Cohesin extrudes further through quiescent regions than active regions. a Most CTCF-mediated looping contacts do not reflect the fully extruded state. Estimate is obtained using left TF-protected (start and end at least 15 bp from motif center, length < 115) fragments that overlap FactorFinder identified CBS (+) and have an interaction length greater than 10kb. For each CBS with at least 50 long-range TF-protected fragments overlapping the motif, % convergent is calculated as the number of interaction partners overlapping CTCF (−) motifs / total number of fragments at motif. Because this estimate is conditional on CTCF binding at the anchor, we divide estimates by two to account for the ~50% occupancy of CTCF. b Depiction of how regions were annotated using ChromHMM. Correlation (c) and fragment (d) heatmaps for ChromHMM annotated unique 1 MB regions downstream of left fragments overlapping CTCF (+) binding sites.
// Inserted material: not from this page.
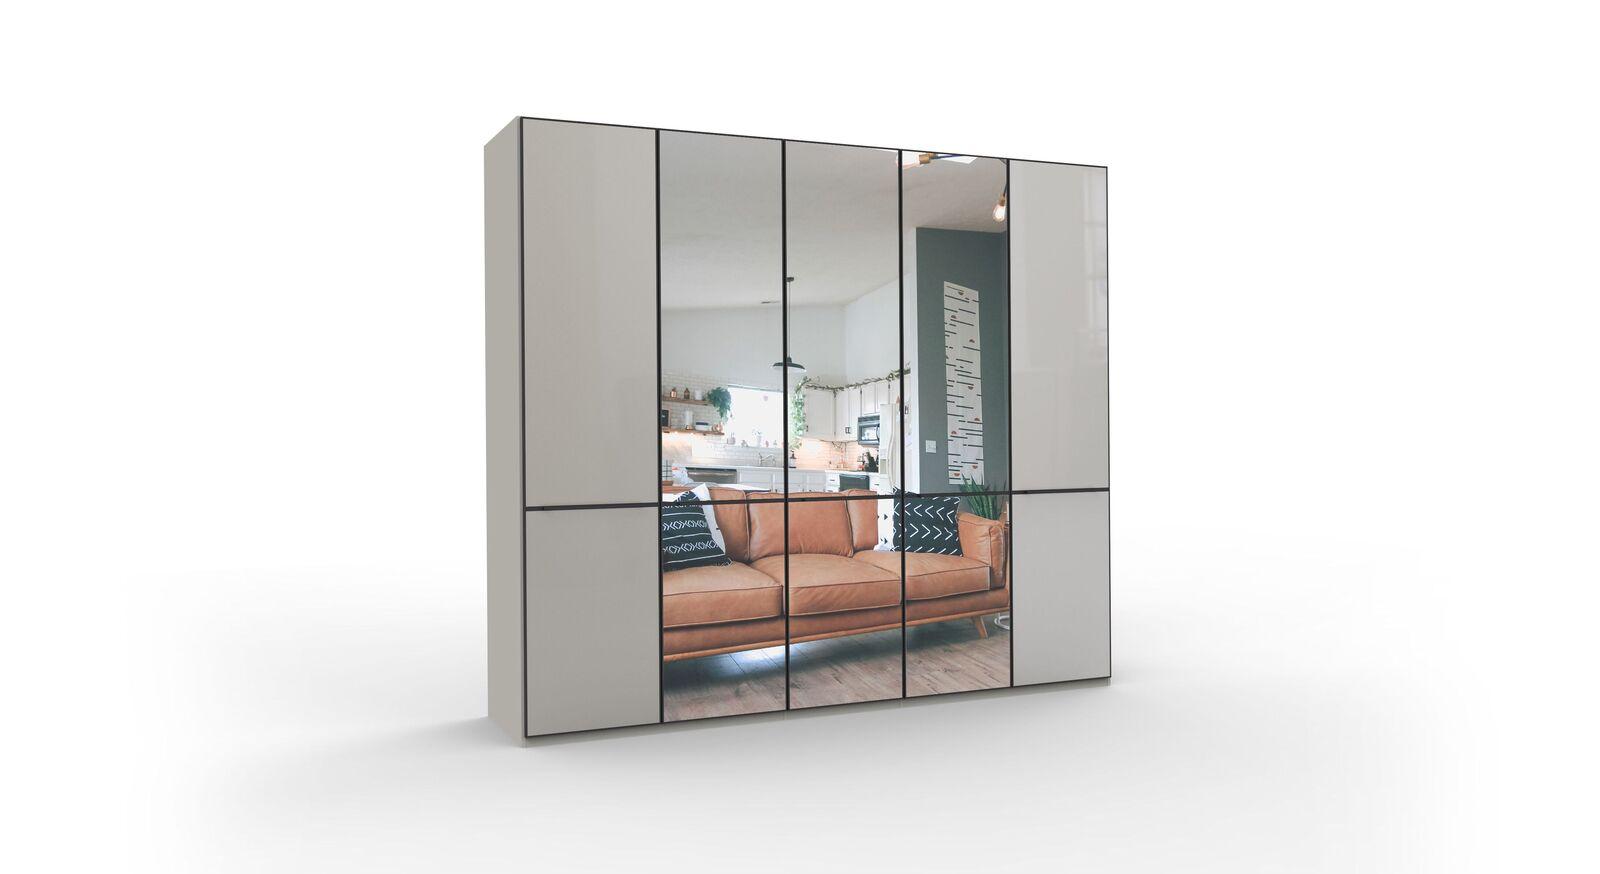 5-türiger Spiegel-Drehtüren-Kleiderschrank Loyd

All other plots in this figure are filtered to TF-protected (fragment length < 115 bp, start and end at least 15 bp from motif center) fragments. Density (e) and P(S) curves (f) for chromatin state clusters shown in (c,d), filtered to the top 20%. Chromatin annotations making up each cluster are added together and quantiles are obtained to determine fragments in the top 20% of active chromatin, quiescent chromatin, and bivalent / polycomb chromatin. g Ridge plots for the bottom 10% quantile (“Low”) and top 10% quantile (“High”) of H3K27ac bp and number of RNAPII binding sites. ChIP-seq from ENCODE was used to annotate 1 MB downstream of left fragments overlapping CBS (+) for this figure. h Diagram illustrating differences in extrusion rates between active and quiescent chromatin states, with numbers obtained from Supp Fig. 3.

Fig. 6

Schematic of proposed model whereby single promoter-proximal CTCF sites enable an enrichment of enhancer-promoter contacts.